*Your instructions*.
Return only the lines of the data below from the line with "how to put billboard" up to and including the line with "Terracotta bowl from the state of Guerrero.", exactly as written, with the pictures omitted.

*Stored data*.
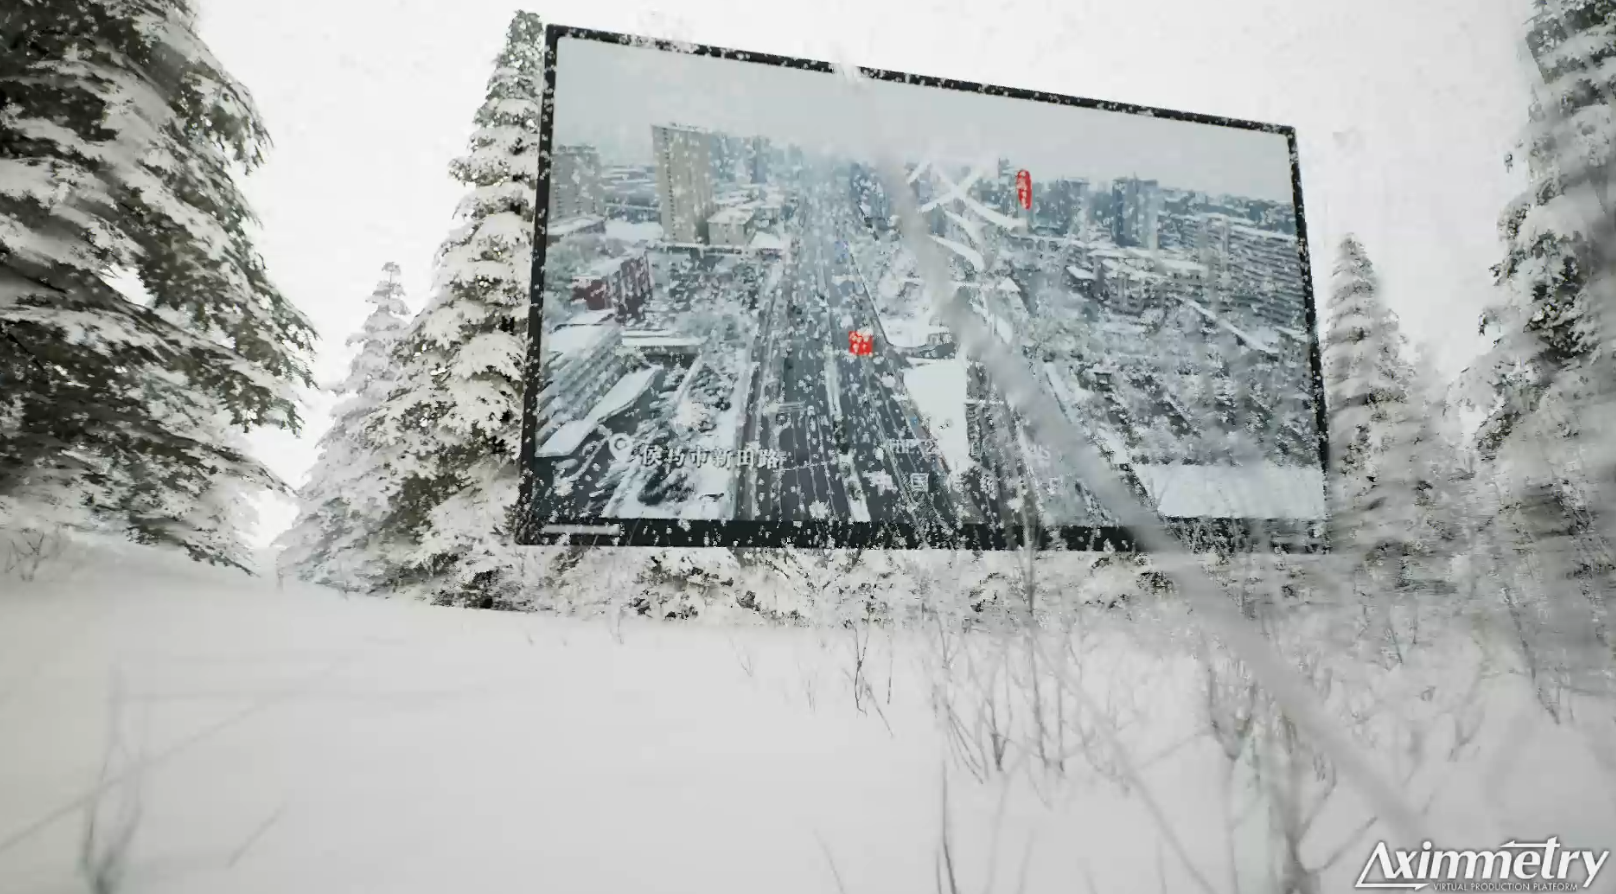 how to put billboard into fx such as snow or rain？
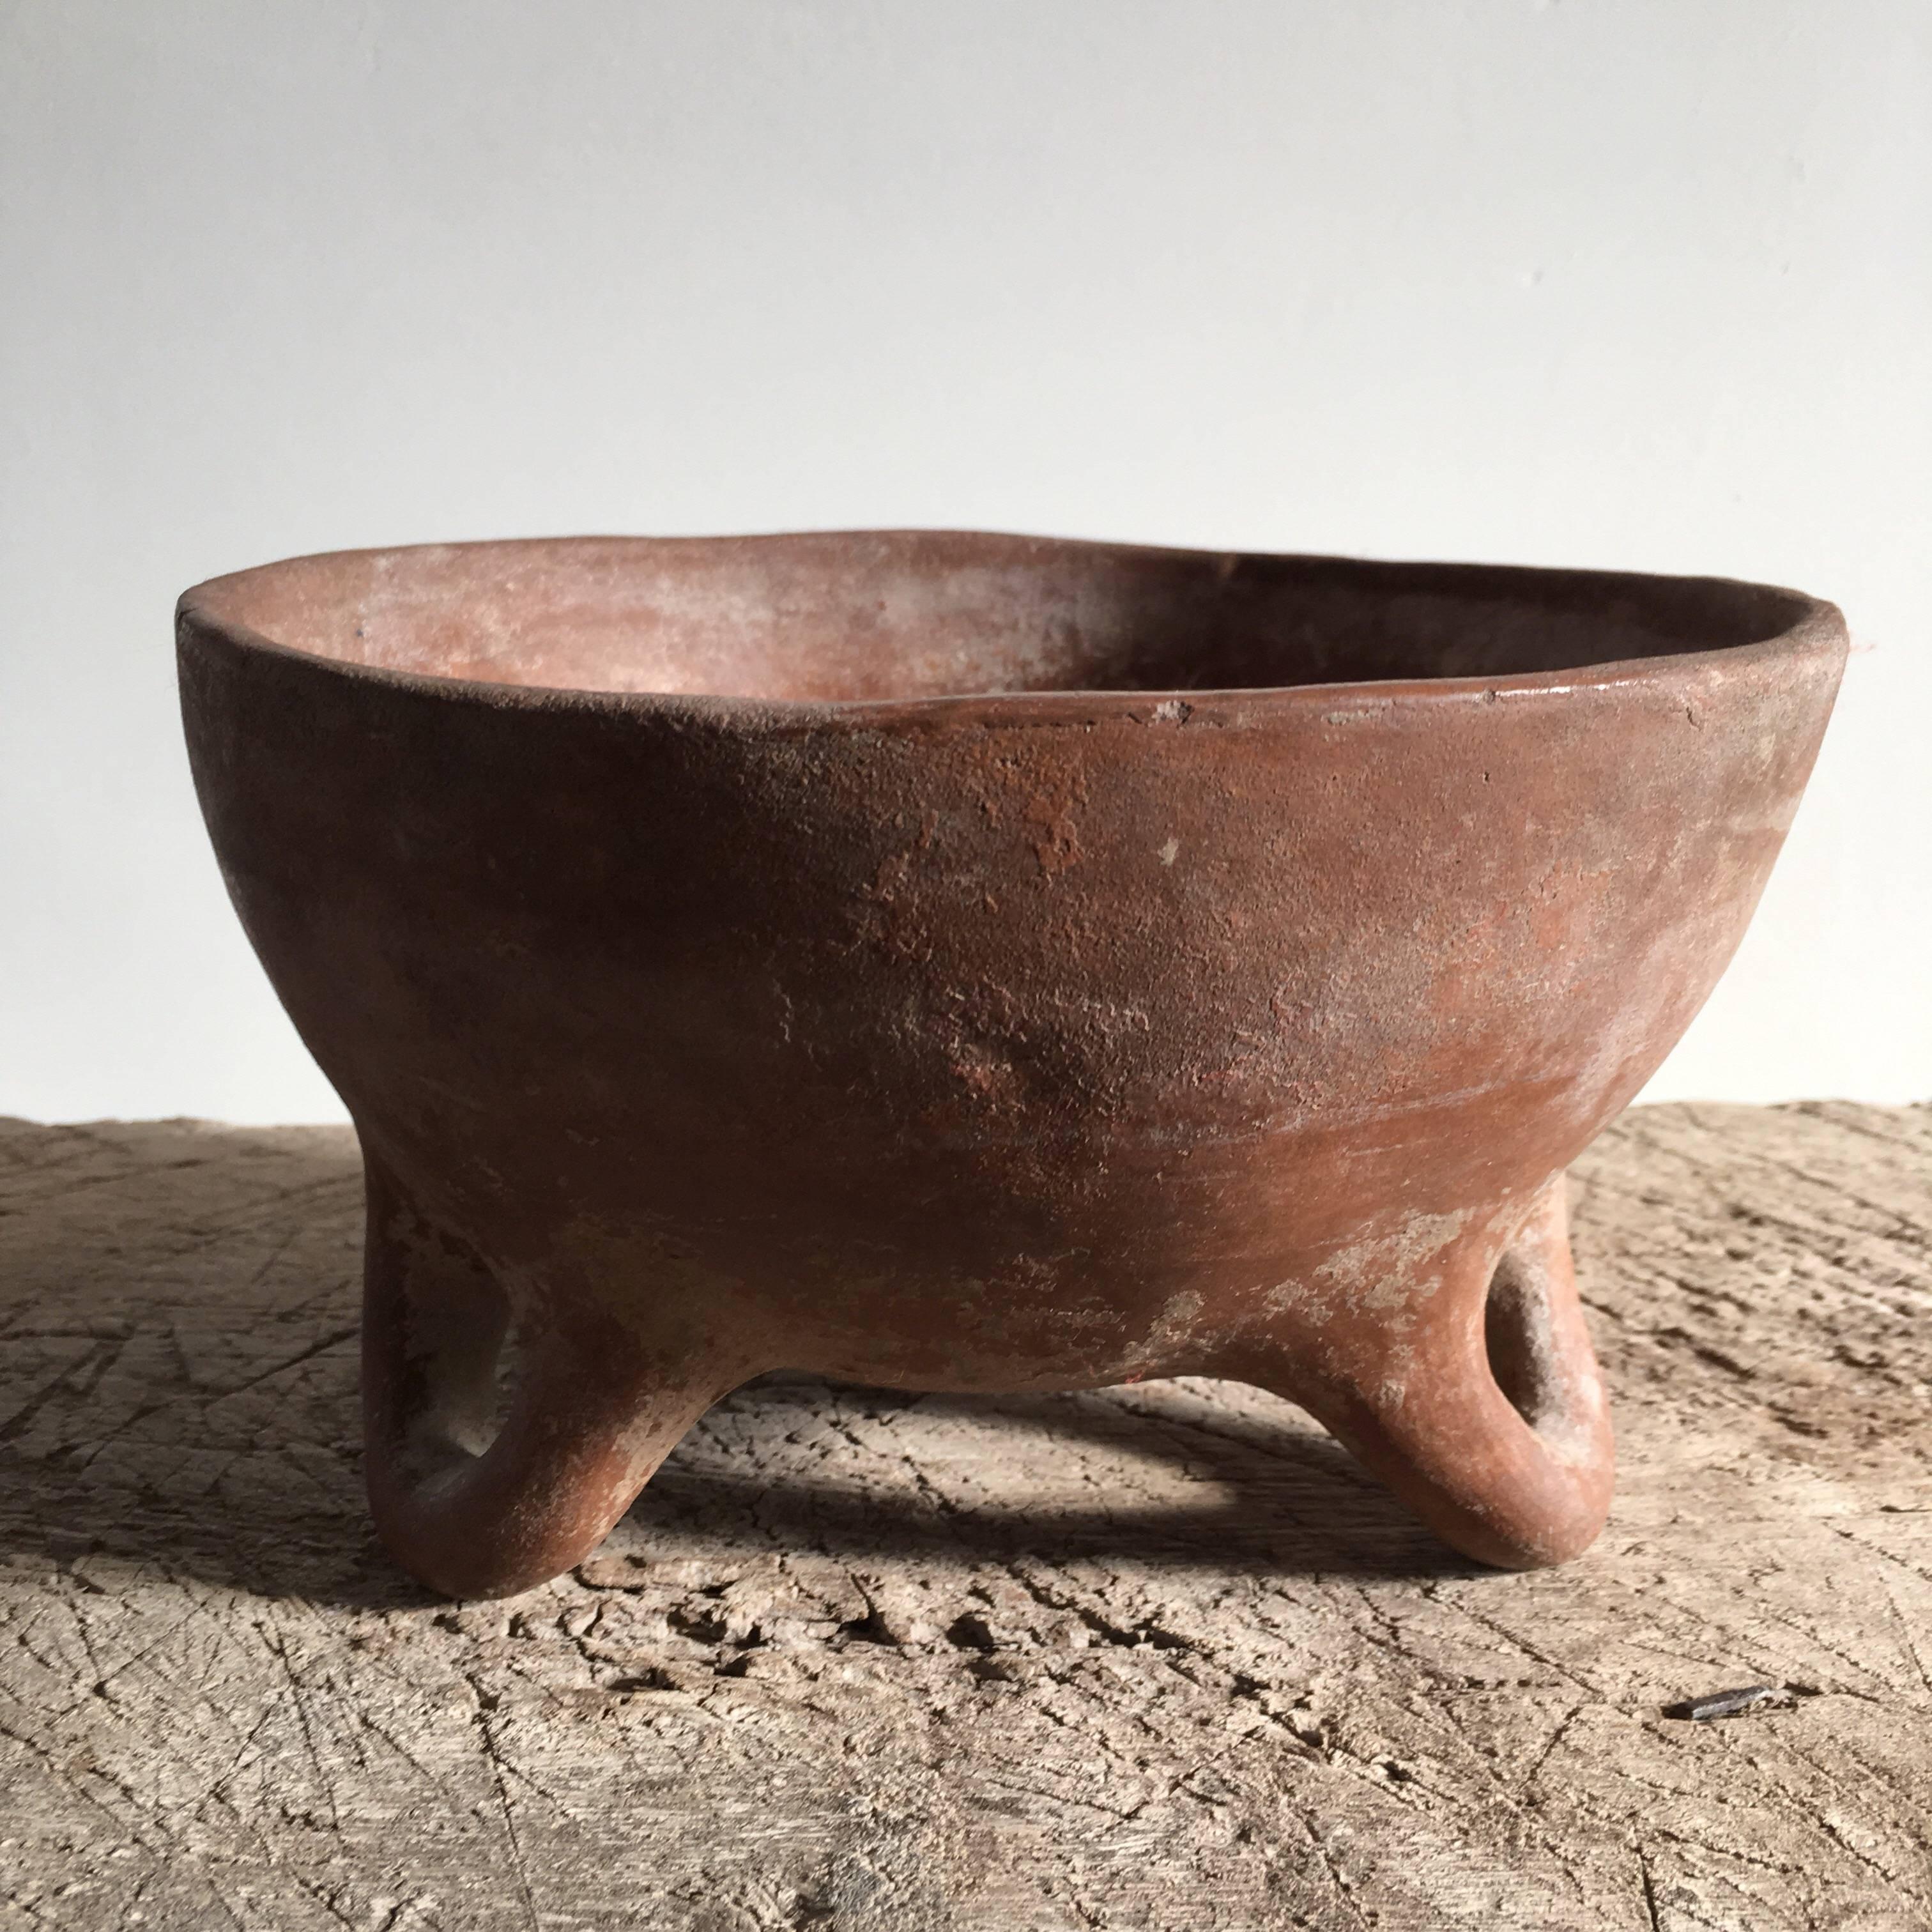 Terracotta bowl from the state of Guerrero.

---

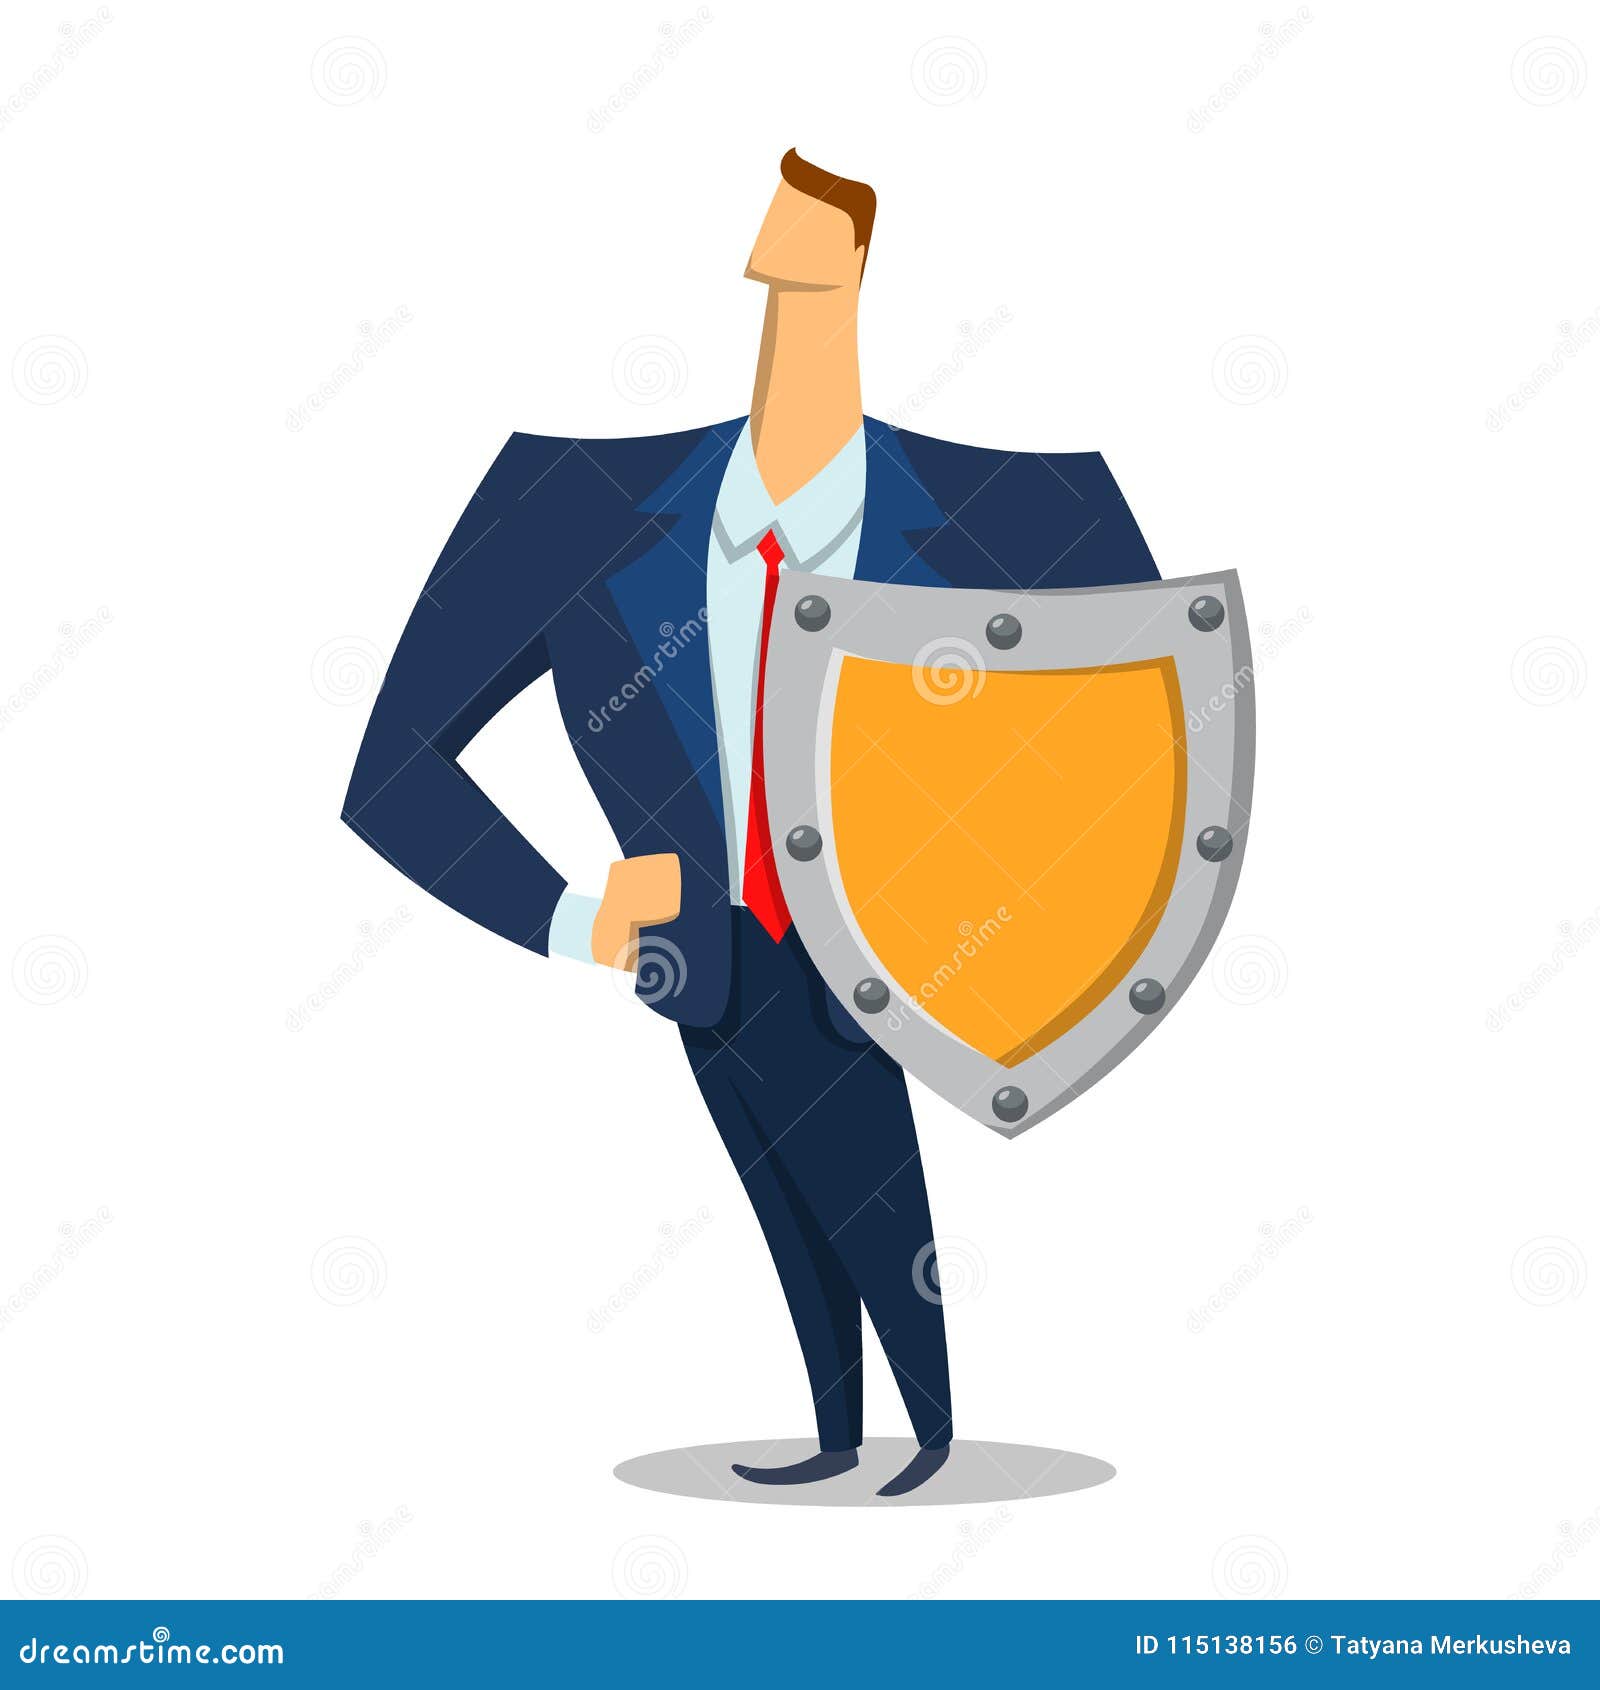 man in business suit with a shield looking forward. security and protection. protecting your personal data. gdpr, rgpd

*Task response*.
 how to put billboard into fx such as snow or rain？
 Terracotta bowl from the state of Guerrero.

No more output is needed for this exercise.